TASK BRIEF -
Apart from the images, repeat the data below exactly as written.

DATA EXCERPT -
- - - - -
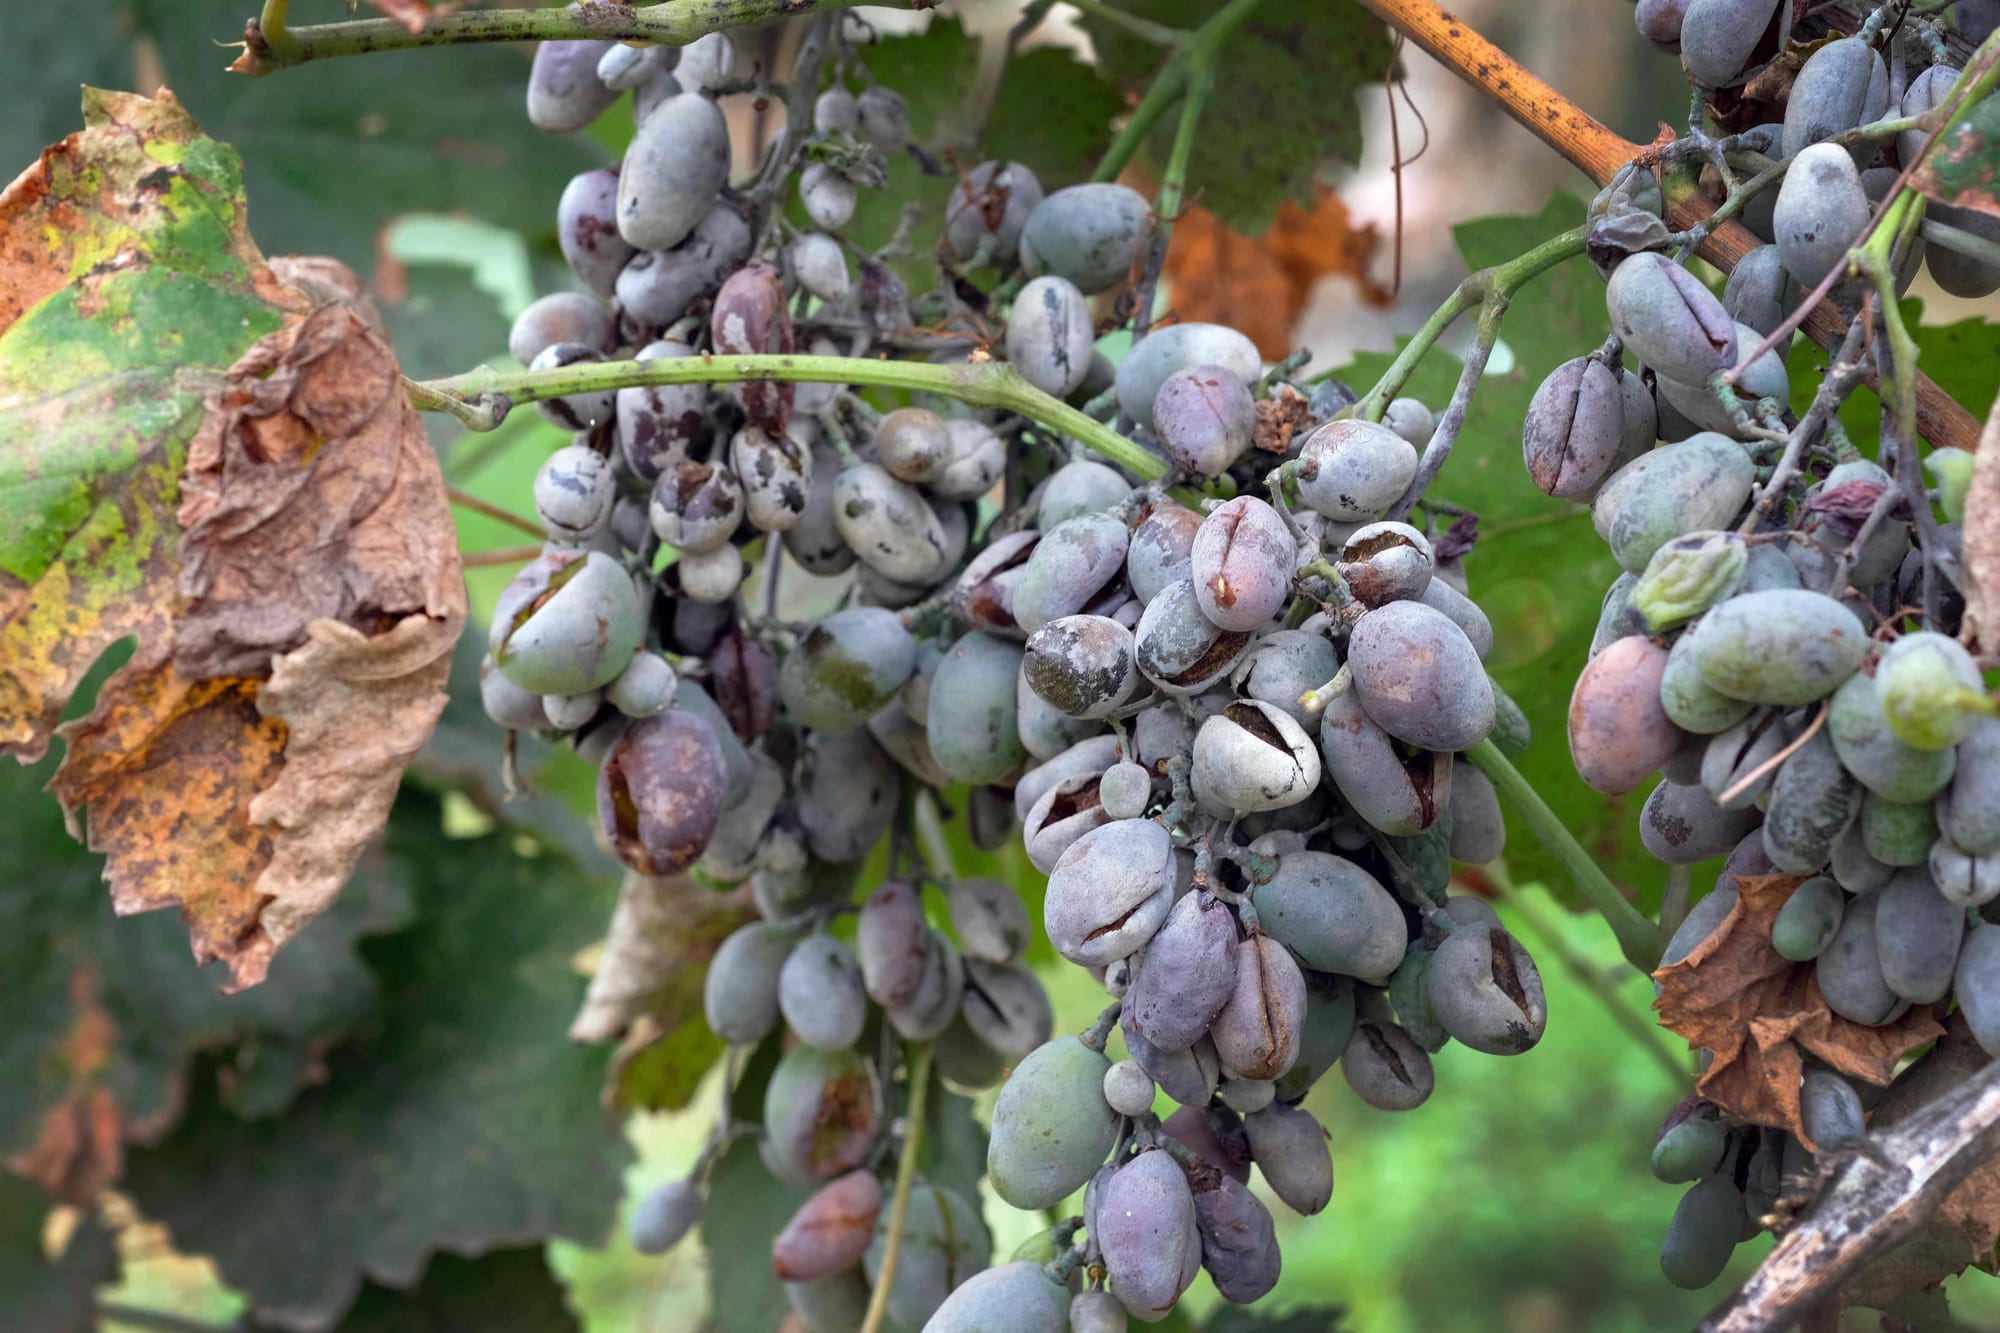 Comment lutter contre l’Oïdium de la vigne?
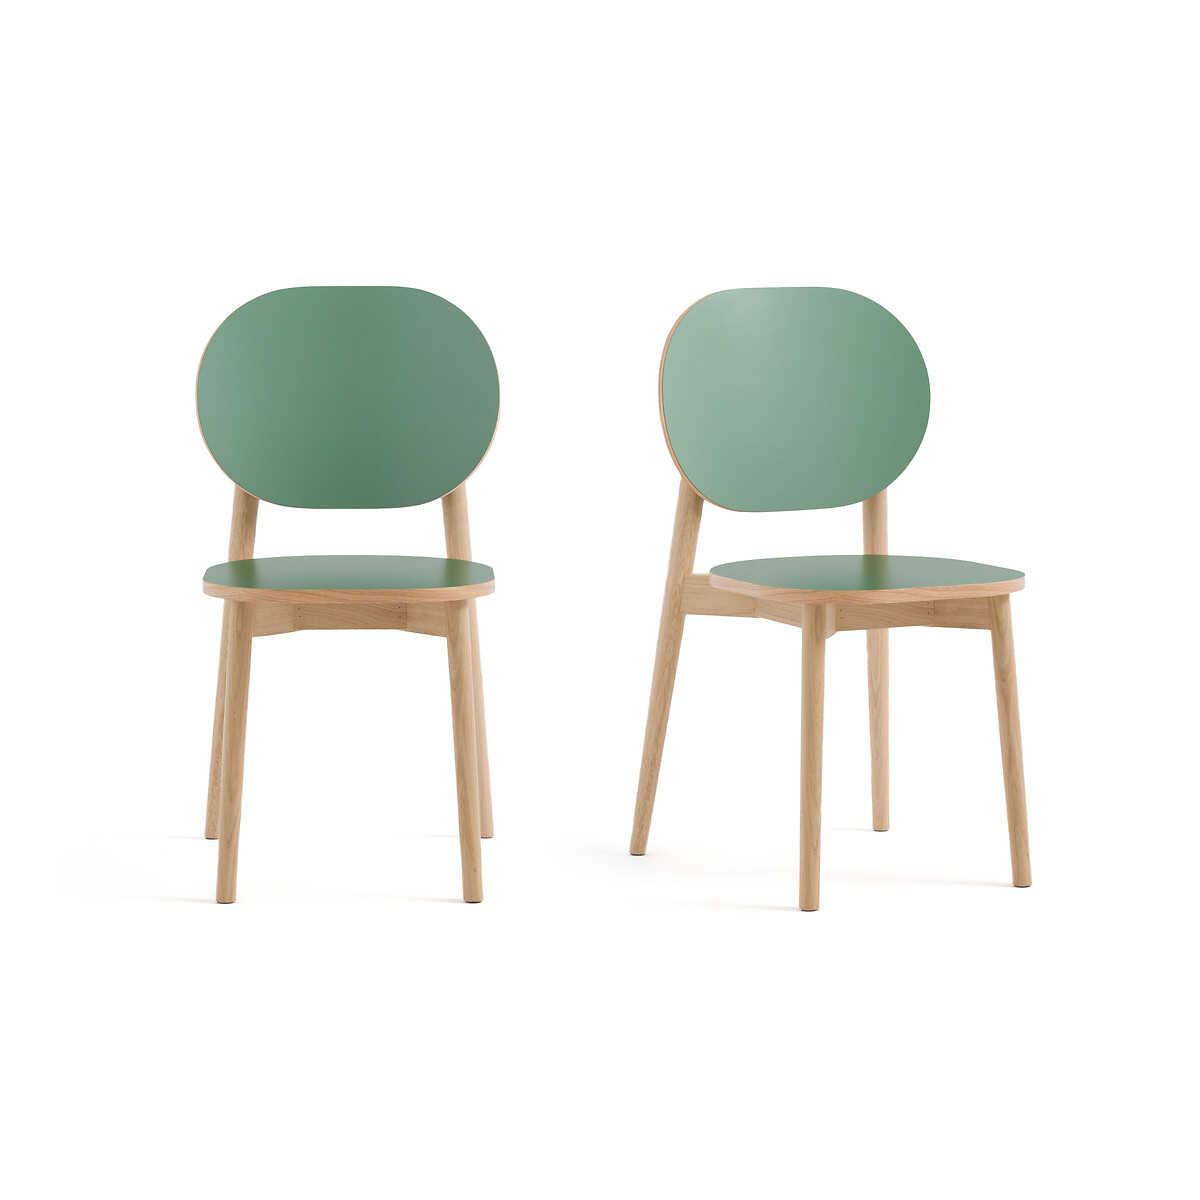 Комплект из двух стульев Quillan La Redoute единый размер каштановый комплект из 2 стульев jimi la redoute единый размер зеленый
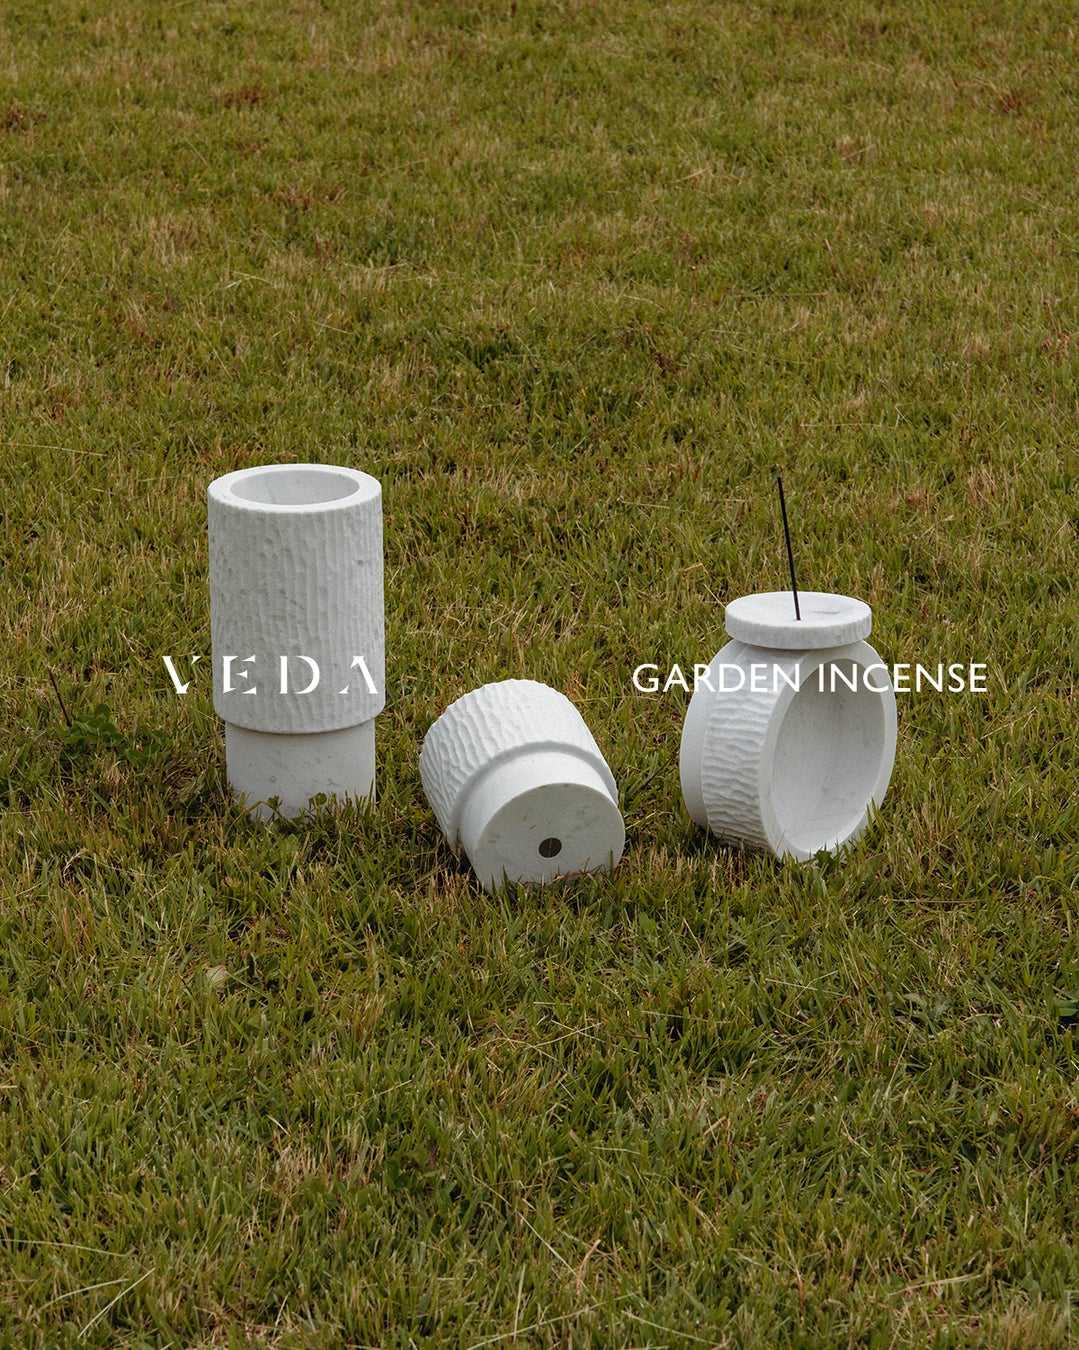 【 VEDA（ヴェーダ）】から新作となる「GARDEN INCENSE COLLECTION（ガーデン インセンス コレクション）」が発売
- - - - -
COMPLETED TASK -
 Comment lutter contre l’Oïdium de la vigne?
 Комплект из двух стульев Quillan La Redoute единый размер каштановый комплект из 2 стульев jimi la redoute единый размер зеленый
 【 VEDA（ヴェーダ）】から新作となる「GARDEN INCENSE COLLECTION（ガーデン インセンス コレクション）」が発売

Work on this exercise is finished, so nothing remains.